Педро Антонио умолк, и дон Хуан, видя, что пауза затягивается, сказал:

– Так, так, так… Стало быть, опять в наших краях!.. Славно!

– А дочка ваша как? – спросил отставной кондитер, до глубины души уязвленный тоном, с каким было сказано это «славно!».

– Рафаэла? Замуж вышла за Энрике соседского, Сабалету… Помните его?

– Что ж, крепкого им счастья!..

На том разговор и кончился. У Педро Антонио навернулись на глаза слезы, всю душу перевернул ему этот пустой разговор. Дон Хуан глядел ему вслед, не без приятности думая о том, что по крайней мере его дети и его склад остались целы.
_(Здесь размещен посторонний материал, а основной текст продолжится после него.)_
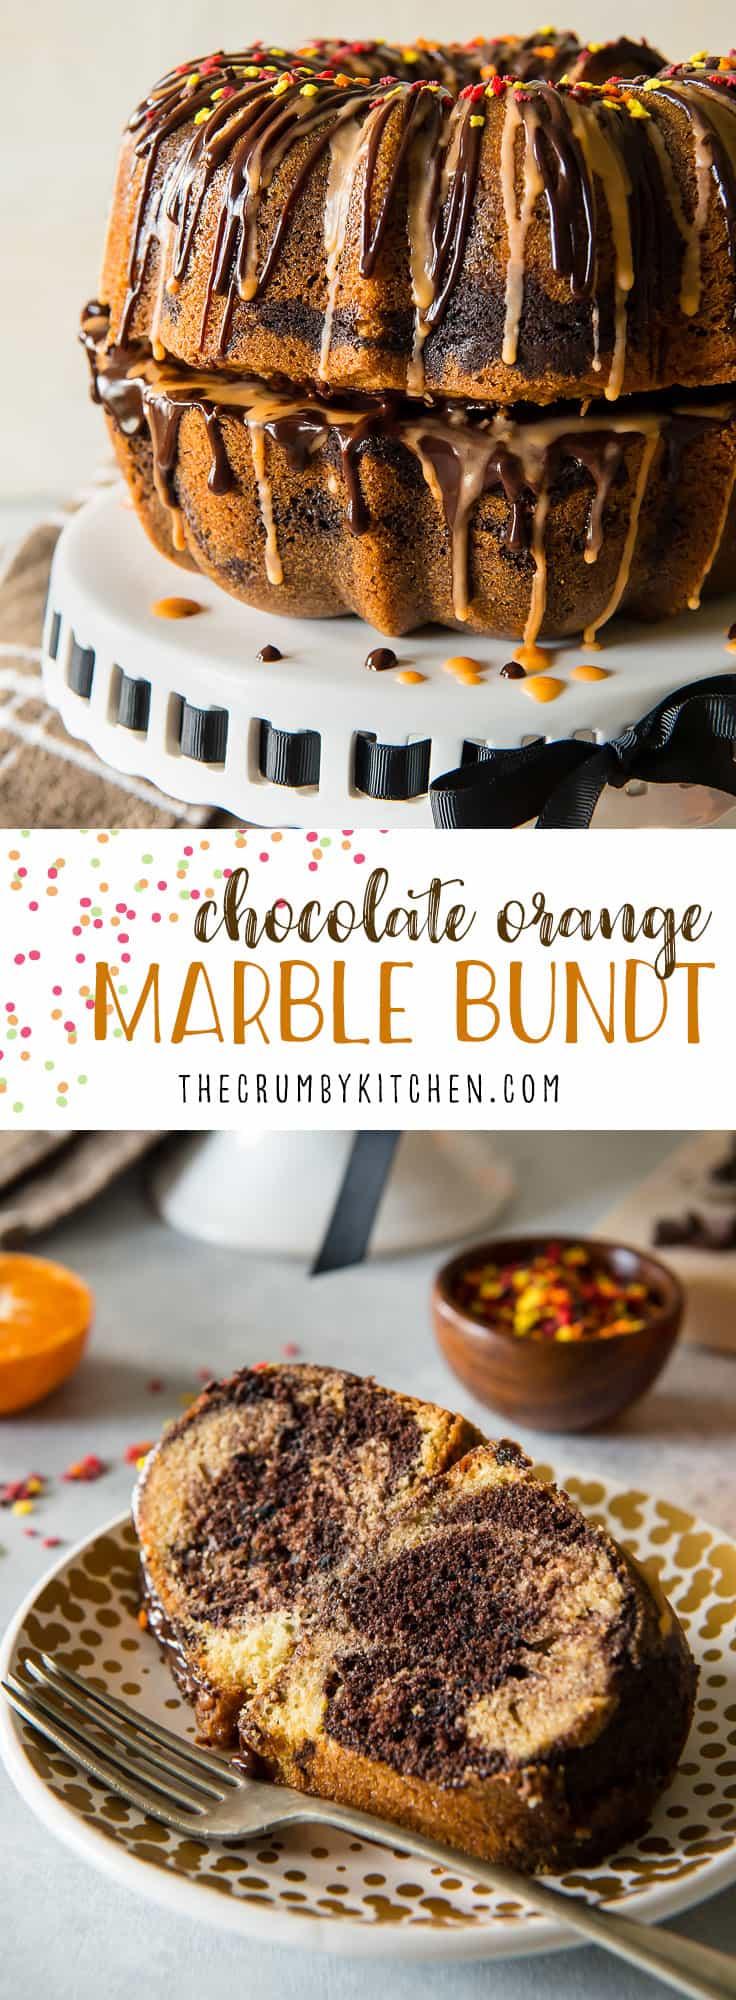 Chocolate Bundt Cake With Orange Glaze
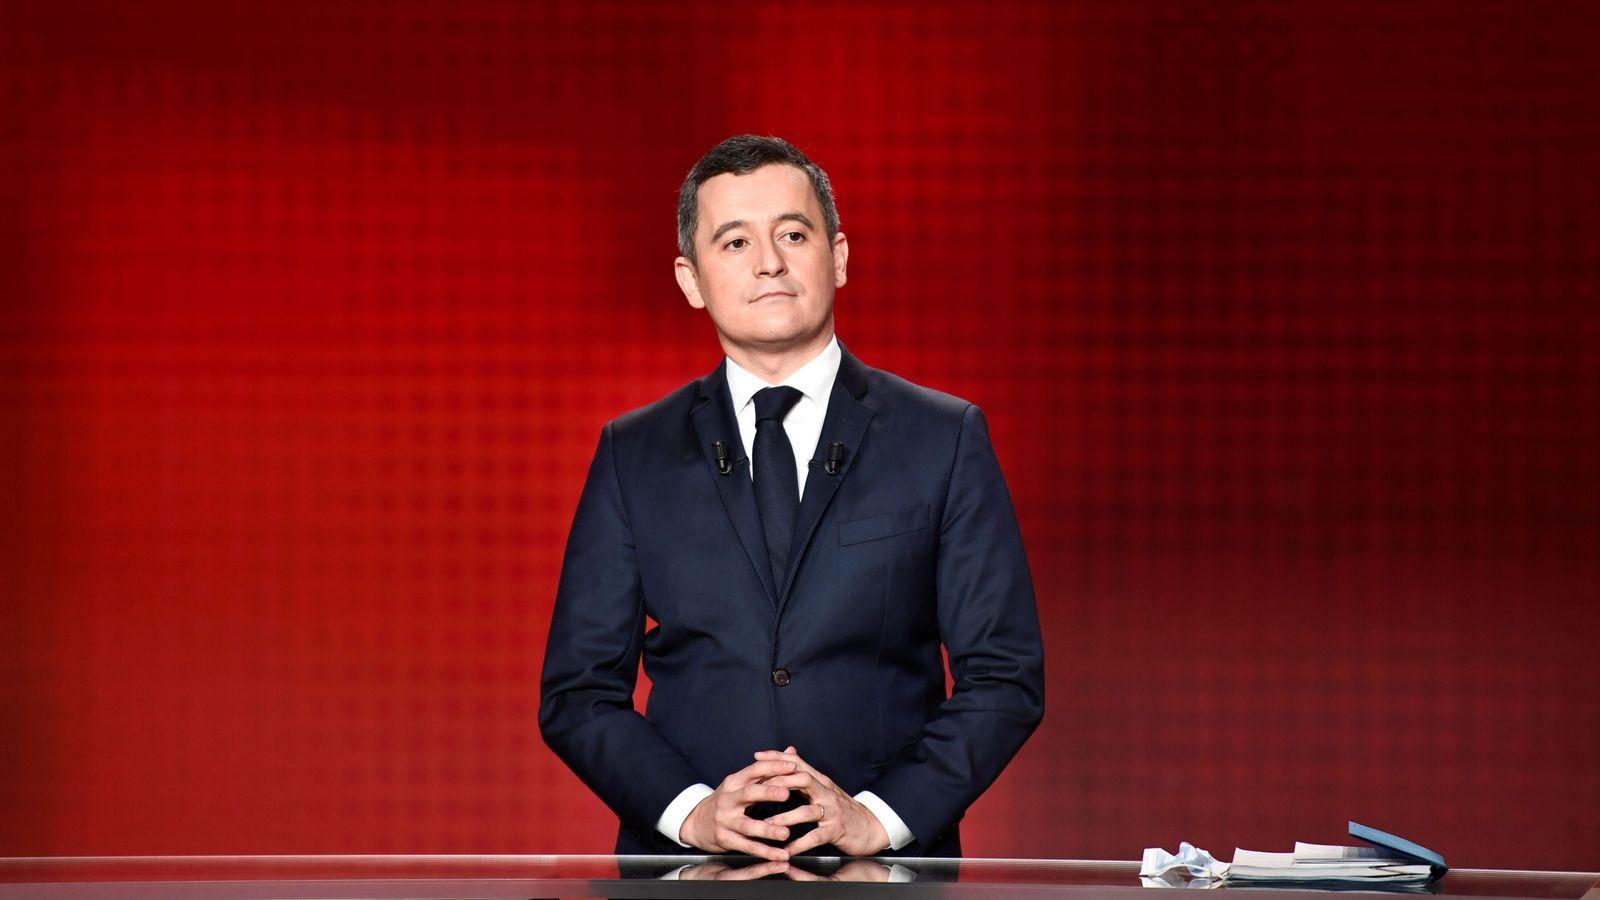 FRANCE-POLITICS-GOVERNMENT-MEDIA-TV
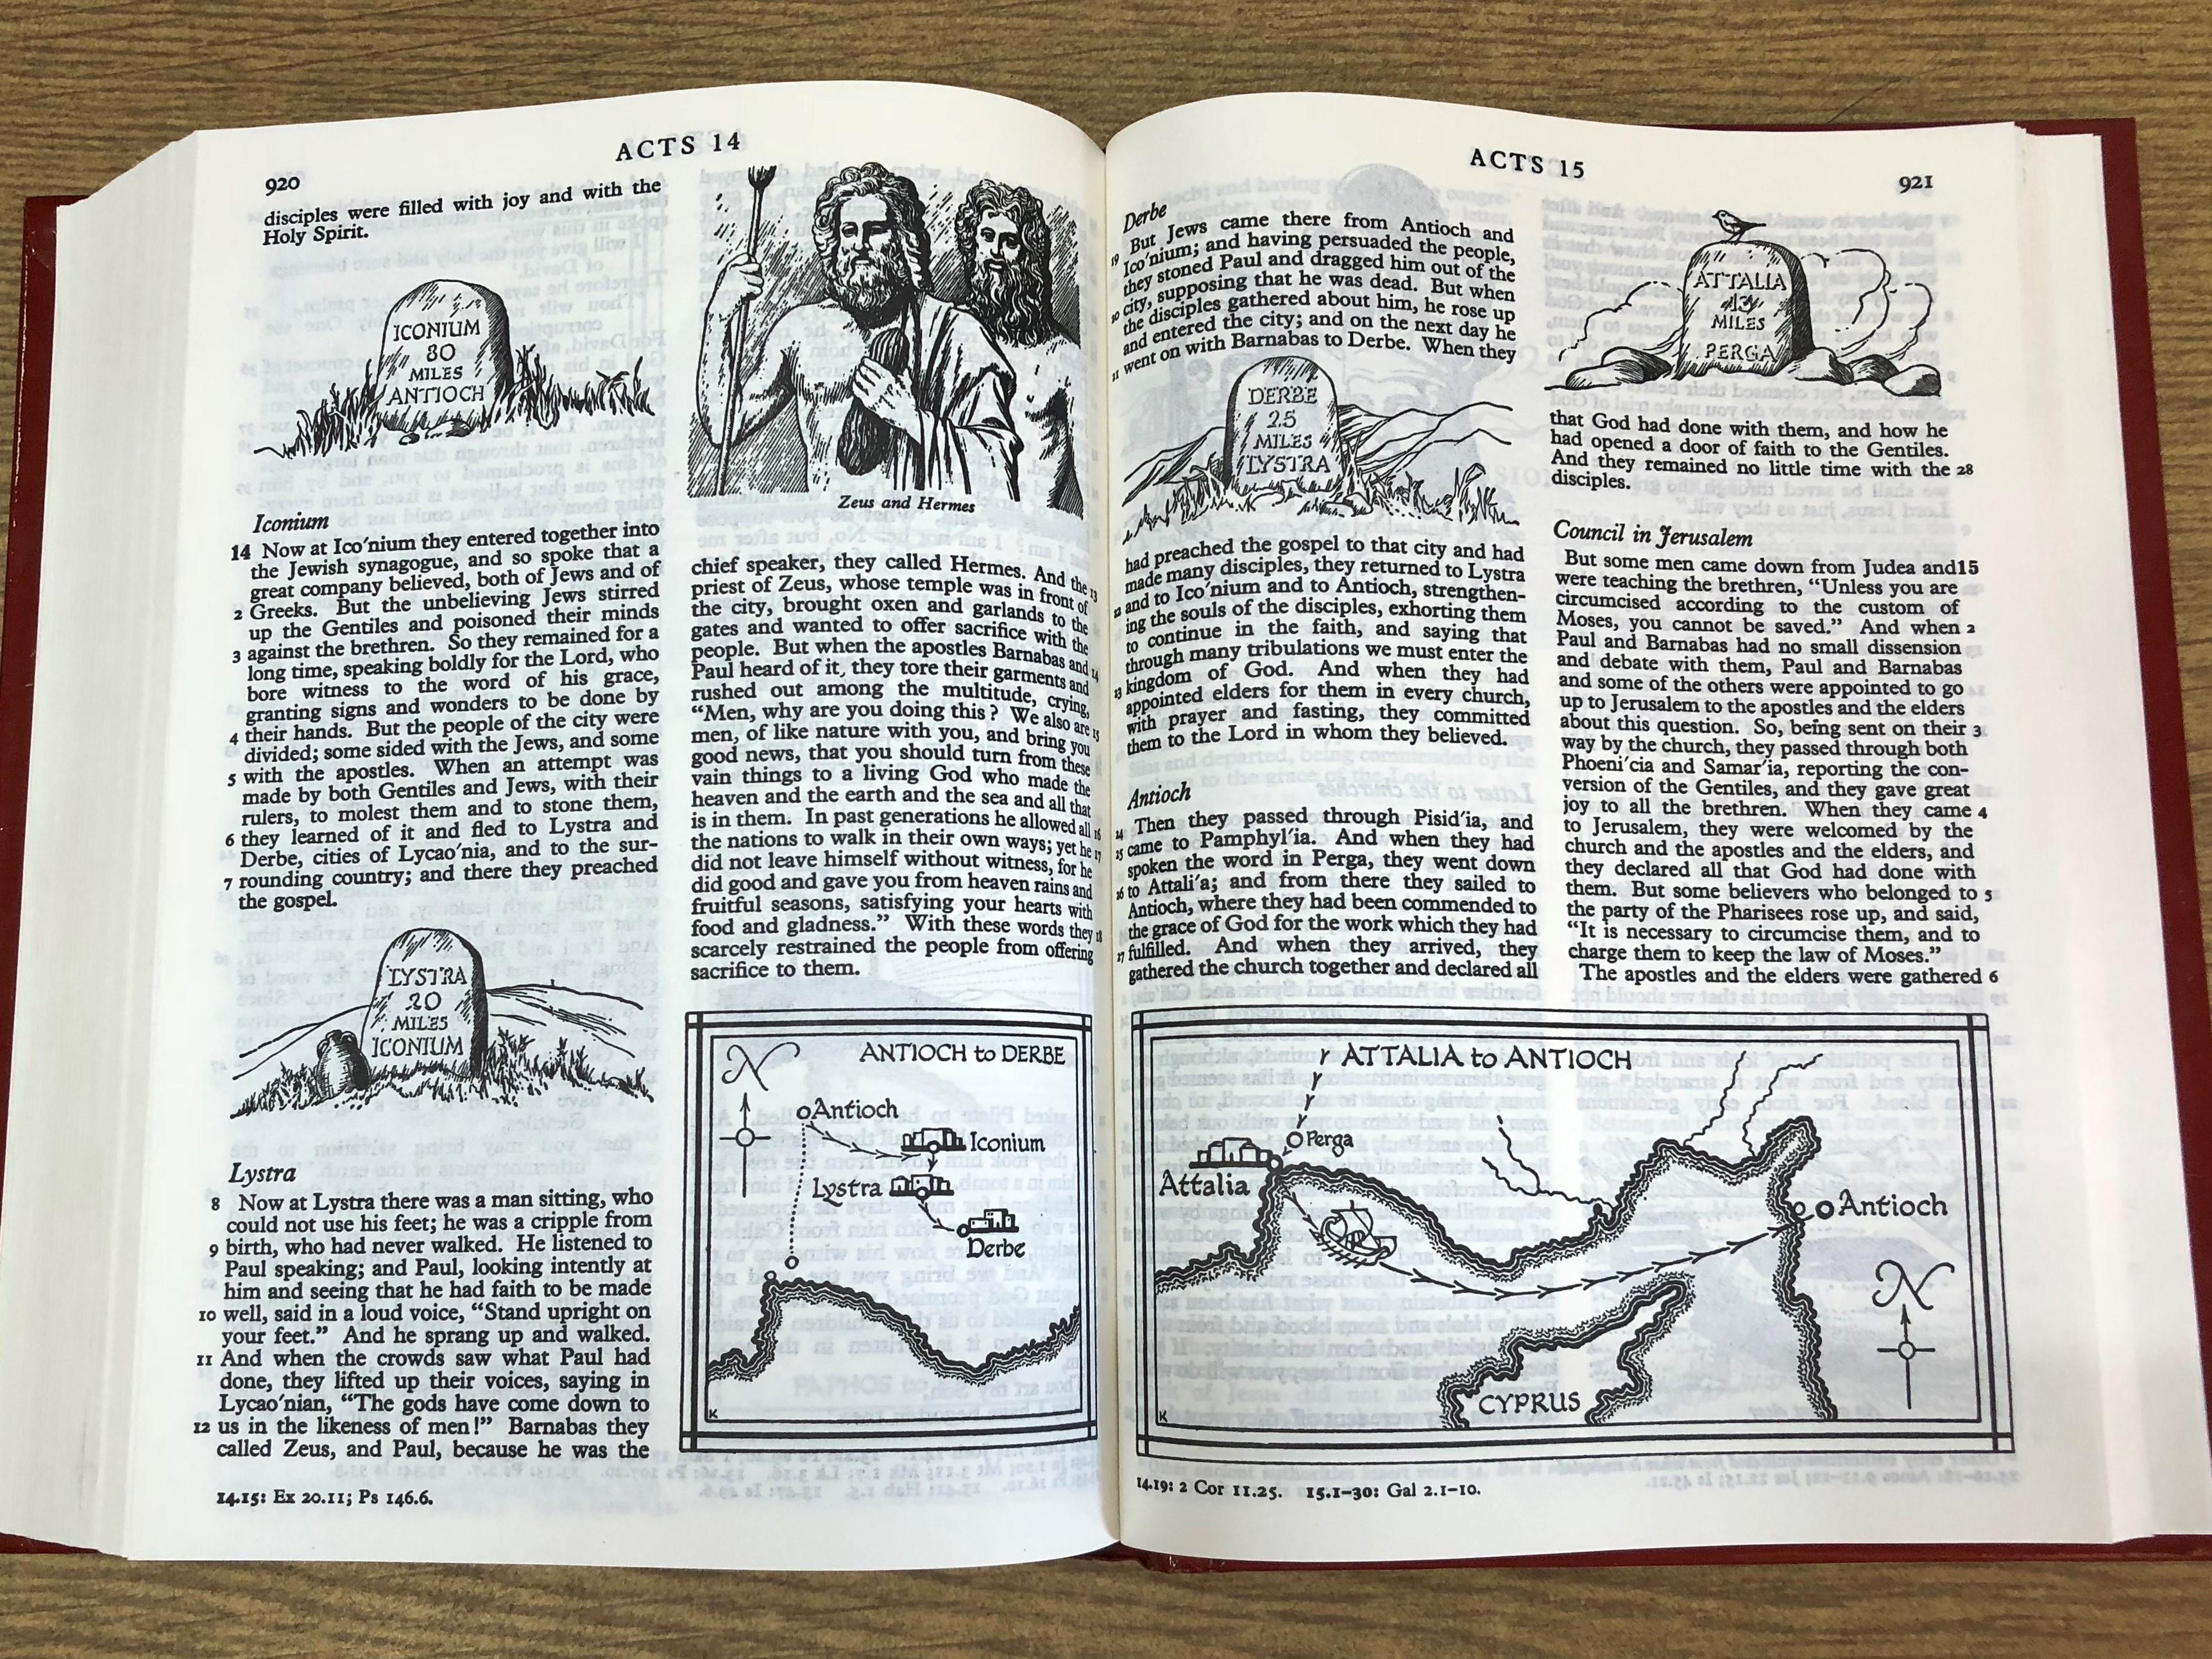 english-bible-revised-standard-version-rsv-burg-13-.jpg

И все же в нем шевельнулось и сочувствие к старому соседу.

Педро Антонио направился в церковь прежнего своего прихода, где и оплакал, в себе, и потерянную лавку, и погибшие мечты.

Церковь, церковные службы помогали ему коротать досуги, служили прибежищем в этой тихой жизни, где не нужно было заботиться ни о деле, ни о завтрашнем дне. Заслышав колокольный звон, он каждый раз отправлялся к вечерне, чтобы помолиться вместе с другими прихожанами, многие из которых были ему незнакомы. Отрешенные, дремотно покачиваясь, они возносили хвалы Деве Марии, не вникая в смысл молитв, машинально, в уме же перебирая каждый свои домашние заботы: болезнь ребенка, счет от домовладельца, неудачно купленные ботинки, которые жали, предстоящую поездку – все, что они видели и слышали, все, что было близко и знакомо; усердно предавались они благочестивому занятию, а ум блуждал, не скованный молитвой, – так ветерок рябит поверхность заводи, не затрагивая неспешных глубинных течений. Эта общая мольба, переплетенная со скромными будничными заботами и тревогами, эта зыбкая духовная мелодия, к которой каждый подбирал свои слова, рождала в них приток сокровенных чувств, складывалась в баюкающую душу привычку, благоуханную, по-братски единящую этих простых, скромных людей. Больше всего нравилась Педро Антонио литания: ora pro nobis, переходящая затем в miserere nobis.[135] Сколько раз случалось, что все еще продолжали повторять ora pro nobis, когда уже наступал черед запевать miserere! Надо было сосредоточиться, встряхнуться немного. Наконец молебен подходил к концу; все вставали и не спеша выходили в прохладу сумерек. Случалось, что, остановив Педро Антонио, кто-нибудь из прихожан, не всегда знакомый, предлагал ему святую воду. Слегка поклонившись на прощание, каждый шел в свою сторону.

Время от времени кондитер видался со своими старыми друзьями, но дон Браулио теперь почти не выходил из дому, жалуясь на то, что долгие прогулки ему уже не под силу: заржавели шарниры, выдохлись мехи; дон Эустакьо не изменился, но присоединился к другой тертулии; Гамбелу, угрюмый и мнительный, остался один как перст, и шутки его день ото дня становились все язвительнее. Обычно живший попечительством старых друзей, он, однако, несколько улучшил свое положение, когда выяснилось, что неожиданно умерший дон Браулио назначил ему в своем завещании пожизненную пенсию; основным же наследником сделал своего племянника, которого ни разу в жизни в глаза не видел, своей волей утвердив его прямым наследником, что, с одной стороны, было проще всего, а с другой – давало ему возможность выказать себя приверженцем традиции.

Как-то утром Педро Антонио повстречался с доном Хосе Марией. Они разговорились, причем старый заговорщик обычным для него важным тоном, каким говорят комедийные старики, повторял через слово: «Главное, что нам теперь нужно, это мир, мир!» Он вел переговоры относительно государственных долговых бумаг, в значительной степени являвшихся следствием войны, и мечтал о новых займах, на которые вынуждено будет пойти правительство в обескровленной стране. Вот когда его хлопоты о карлистских финансах окупятся сторицей!